Discussion in 'Laughter Is The Best Medicine' started by citico, Jan 26, 2010.

  1. citico

    citico Legend

    May 18, 2004
    Old fart football
    An old married couple no sooner hit the pillows when the old man passes gas and says, ’Seven Points.’
    His wife rolls over and says, ‘What in the world was that?’
    The old man replied, ‘its fart football.’
    A few minutes later his wife lets one go and says ‘Touchdown, tie score.’
    After about five minutes the old man lets another one go and says, ’Aha.
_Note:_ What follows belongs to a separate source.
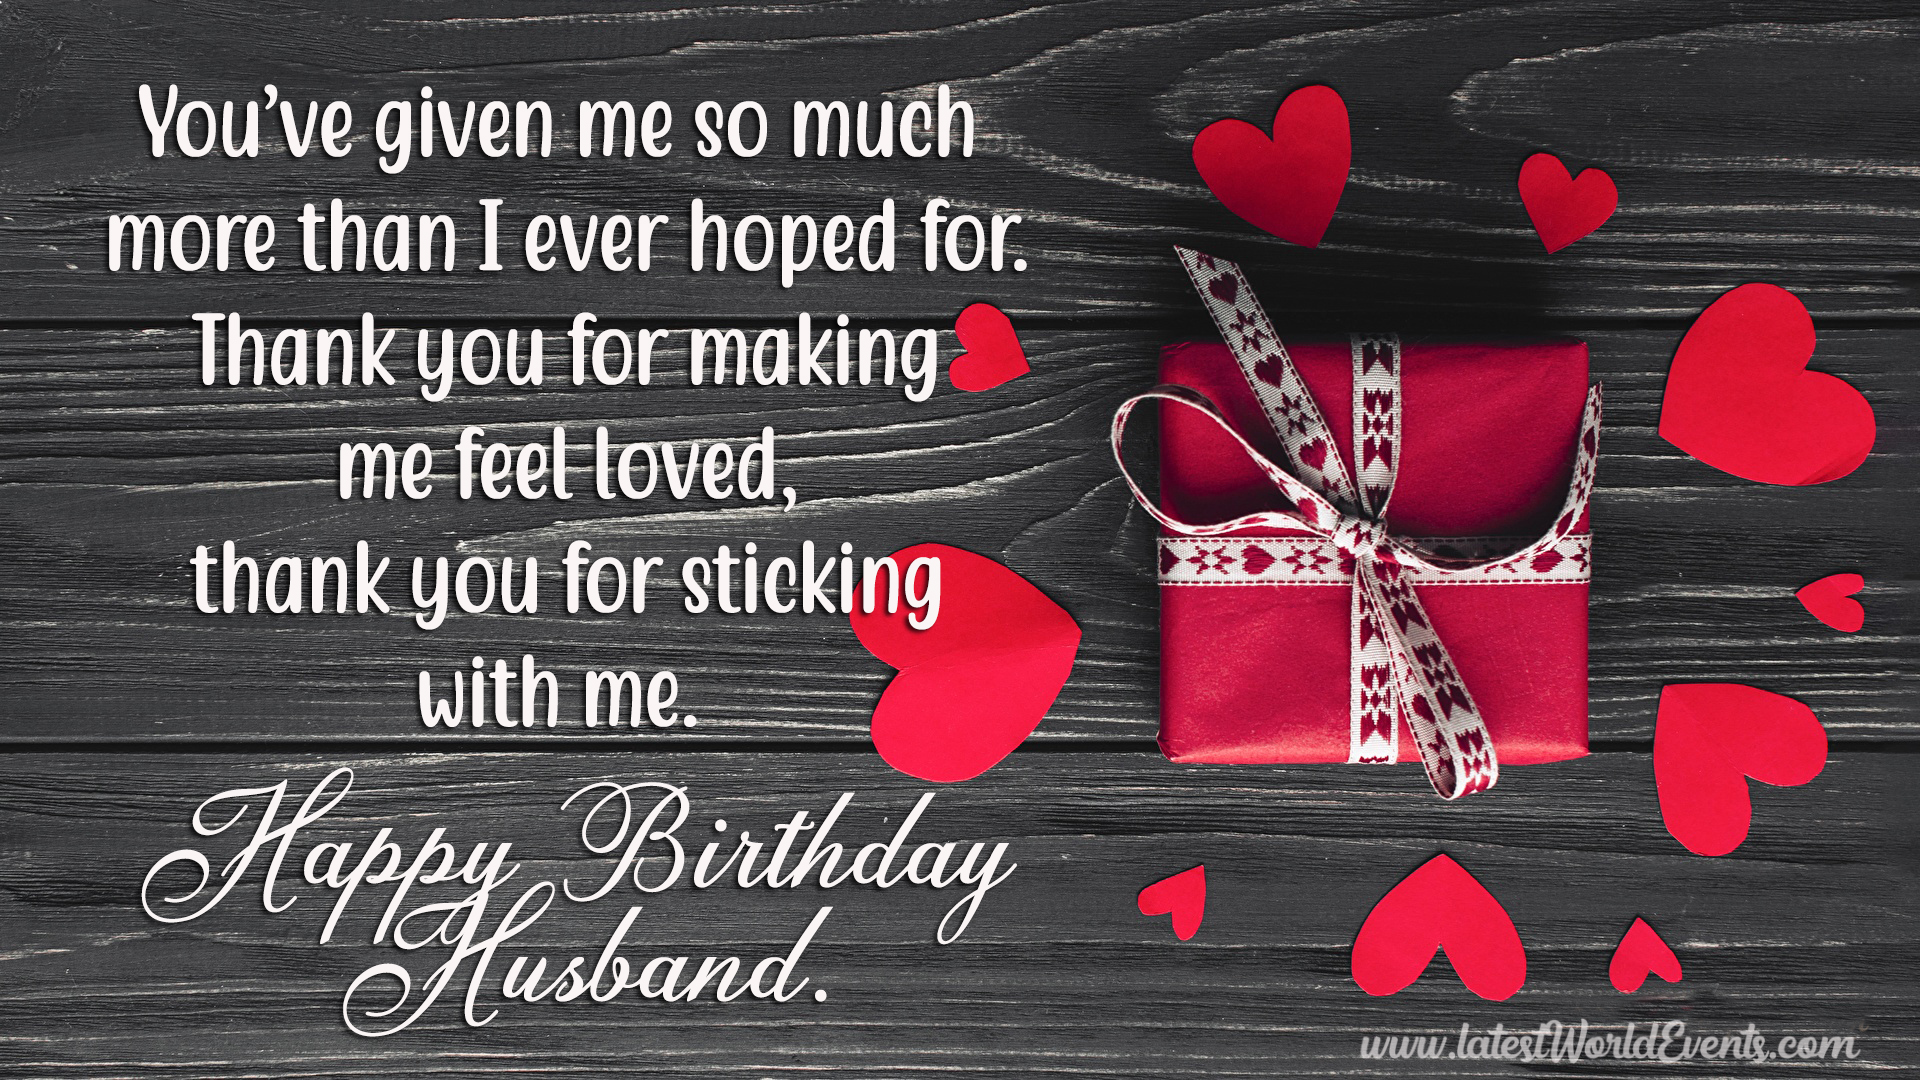 Romantic Birthday Wishes For Husband Latest World Events

I’m ahead 14 to 7.’
    Not to be outdone the wife rips out another one and says, ’Touchdown, tie score.’
    Five seconds go by and she lets out a little squeaker and says, ’Field goal, I lead 17 to 14.’
    Now the pressure is on the old man. He refuses to get beaten by a woman, so he strains real hard. Since defeat is totally unacceptable, he gives it everything he’s got, and accidentally craps in the bed.
    The wife says, ‘What the hell was that?’
    The old man says, ‘Half time, switch sides.
  2. Herdfan

    Herdfan Well-Known Member

    Mar 18, 2006
    A twist. I was expectling a blocked point in there somewhere. :lol:
  3. hdtvfan0001

    hdtvfan0001 Well-Known Member

    Jul 28, 2004
    I played at least 2 quarters of this game...:D
  4. scroll

    scroll Mentor

    Apr 10, 2010
    so what they were having during half time?...and how long it was?